Thursday, January 5, 2017

Vietnam faces more economic challenges

More challenges and difficulties will face the local economy in 2017, said Nguyen Duc Thanh, head of the Vietnam Institute for Economics and Policy Research.
Nguyen Duc Thanh, head of the Vietnam Institute for Economics and Policy Research
Thanh expressed concerns about economic growth this year, saying that due to the global and local economic situation, he could only see more challenges ahead.
He said it was understandable that Vietnam couldn't meet its economic growth target because of the effect of various developments, such as the devaluation of the Chinese yuan, even though this issue has been gradually dealt with.
Globalisation had exposed the weakness of many local firms and low-quality products meanwhile the administrative restructuring process is being carried out slowly.
In addition, bad weather and the Formosa Ha Tinh environmental disaster had caused huge economic damage. Droughts in the central region, floods in the north central coast and saltwater intrusion in the Mekong Delta negatively affected productivity and hindered poverty reduction efforts. Millions of people were also affected by the mass fish deaths caused by the Formosa pollution disaster in five central provinces.

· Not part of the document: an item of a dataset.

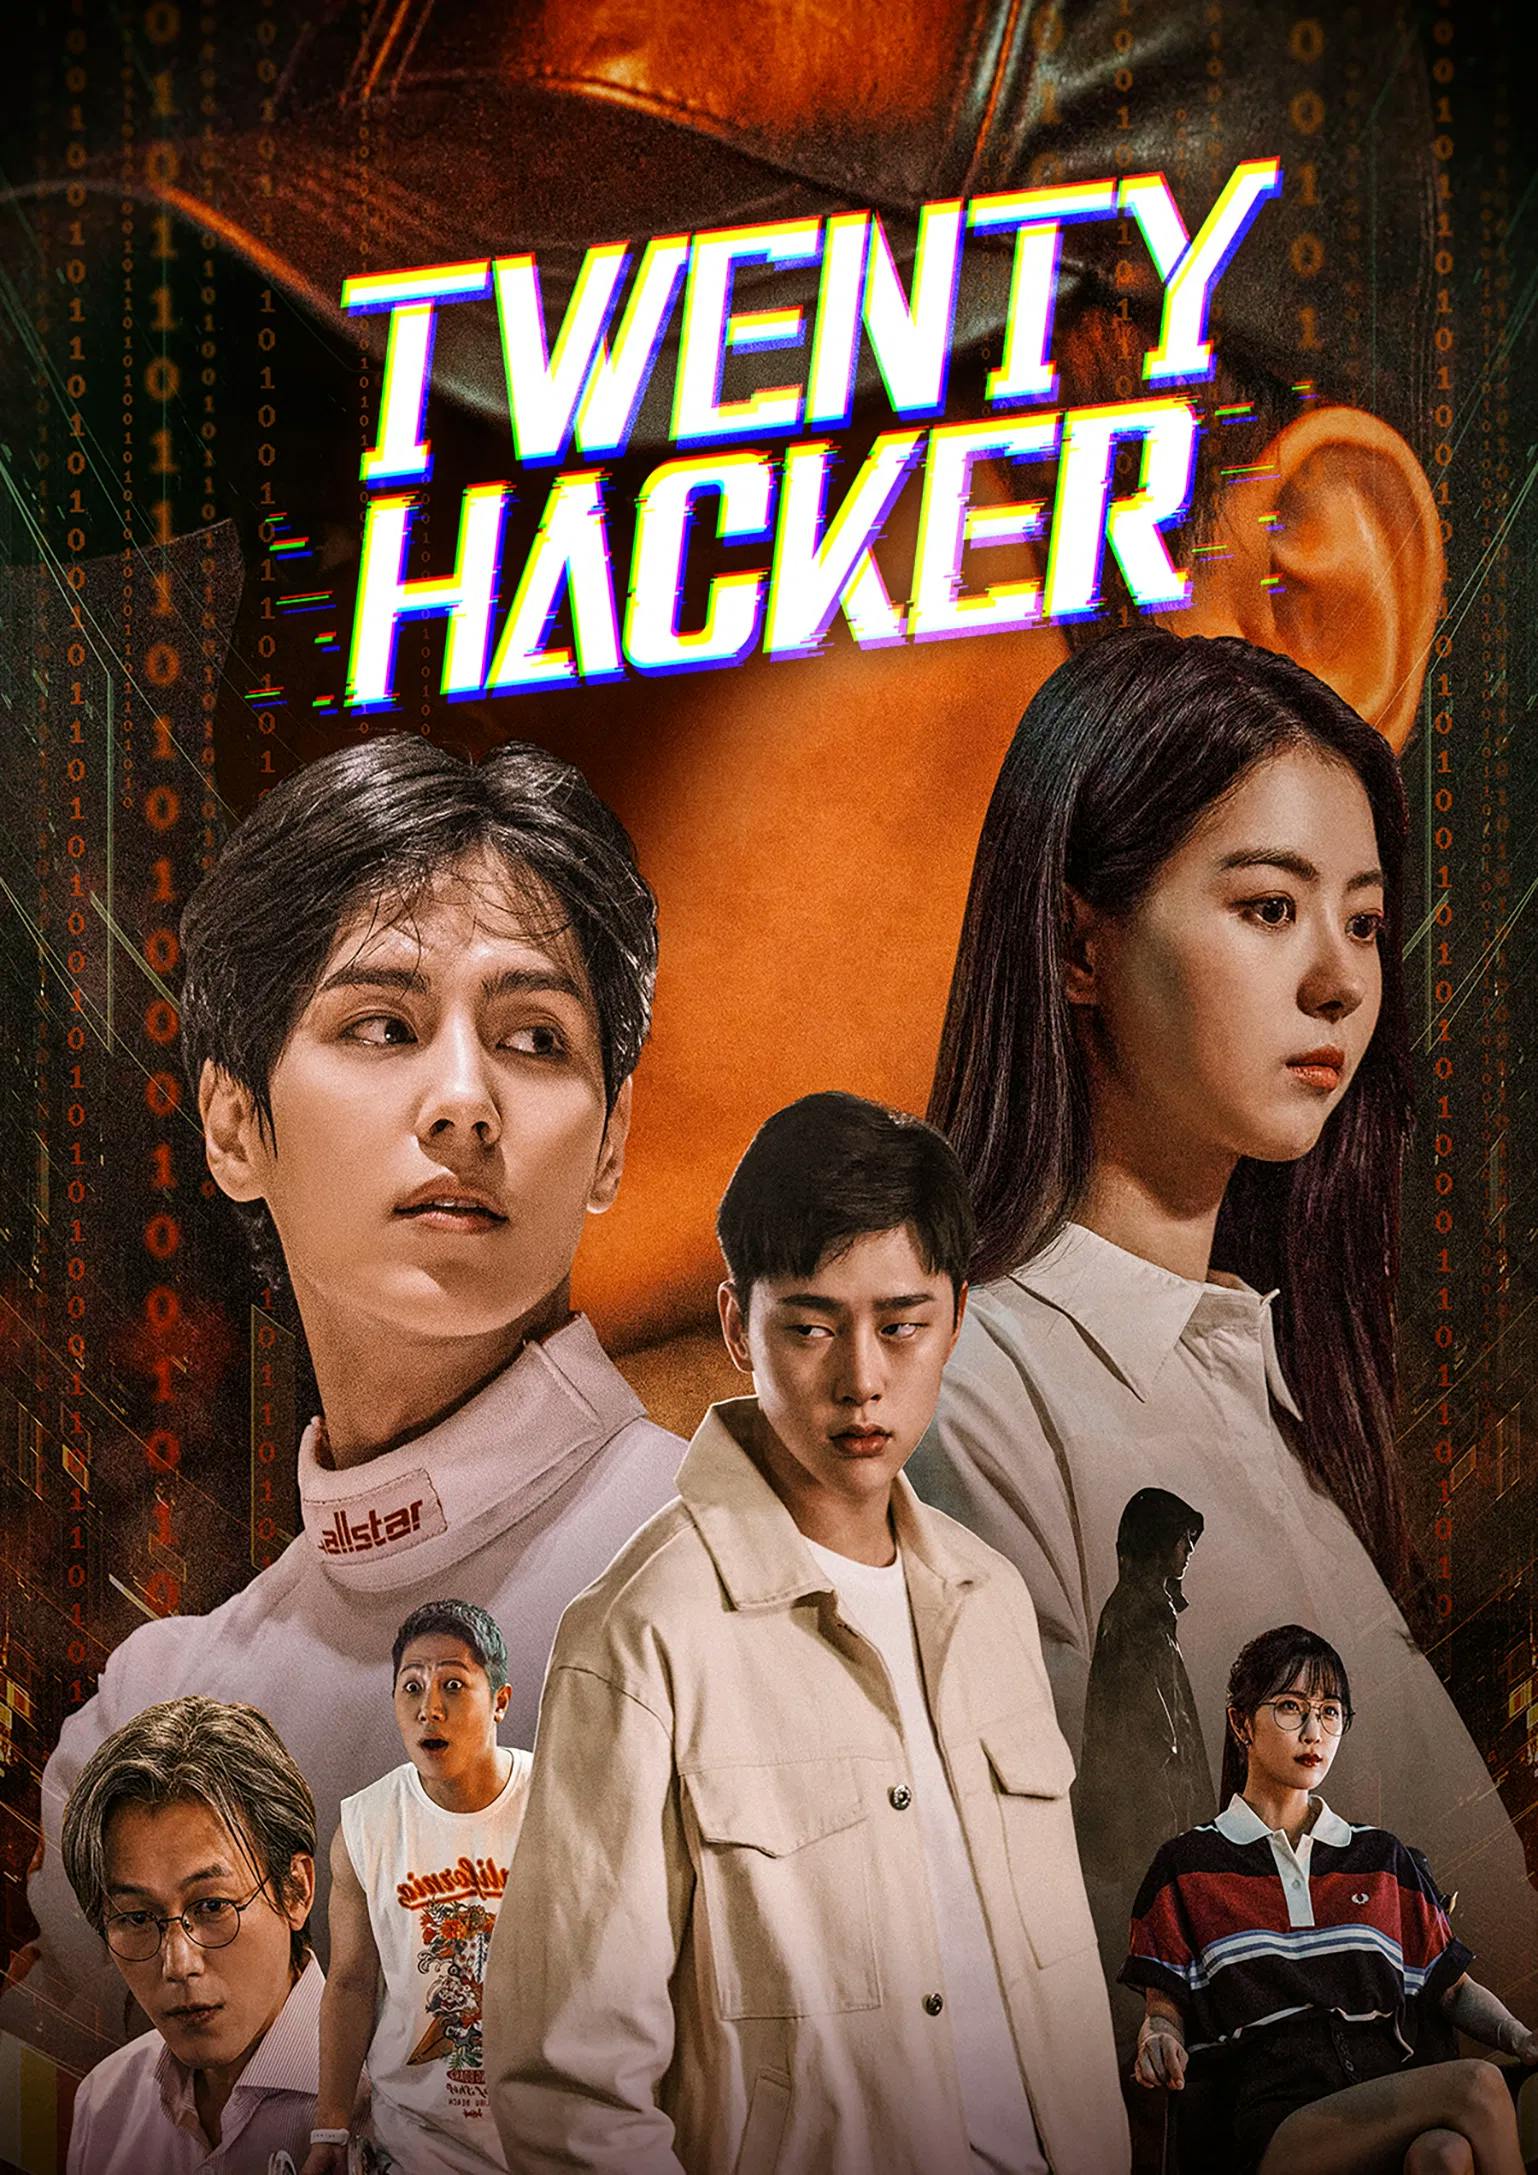 Twenty Hacker poster

Thanh claimed Vietnam was too dependent on FDI firms. 60% of export value was from 100%-foreign-invested firms, with Samsung alone accounting for 20% of this total. Thanh went on to say that it's dangerous because then Vietnam might have to depend solely on Samsung but technology was ever changing.
"We only have a few good support industry firms. If we don't invest in higher value-added parts of the economy, we'll forever lag behind," he said.
Vietnam benefited from more foreign investment last year thanks to increased free trade agreements.
However, Vietnam would continue to face issues with the level of public debt, bad debts and exchange rate risks.
"We need better mechanisms to handle shocks that may come from the US under Donald Trump's presidency. The currency war between US and China will cause headaches for Vietnam and the world," he said.
He emphasised that China is expanding its influence in the east, investing a huge amount of money into the infrastructure in Cambodia, Thailand and Laos.
Thanh said China's policy was to promote bilateral co-operation with each country to create easier access for its commodities and this was both a challenge and an opportunity for Vietnam.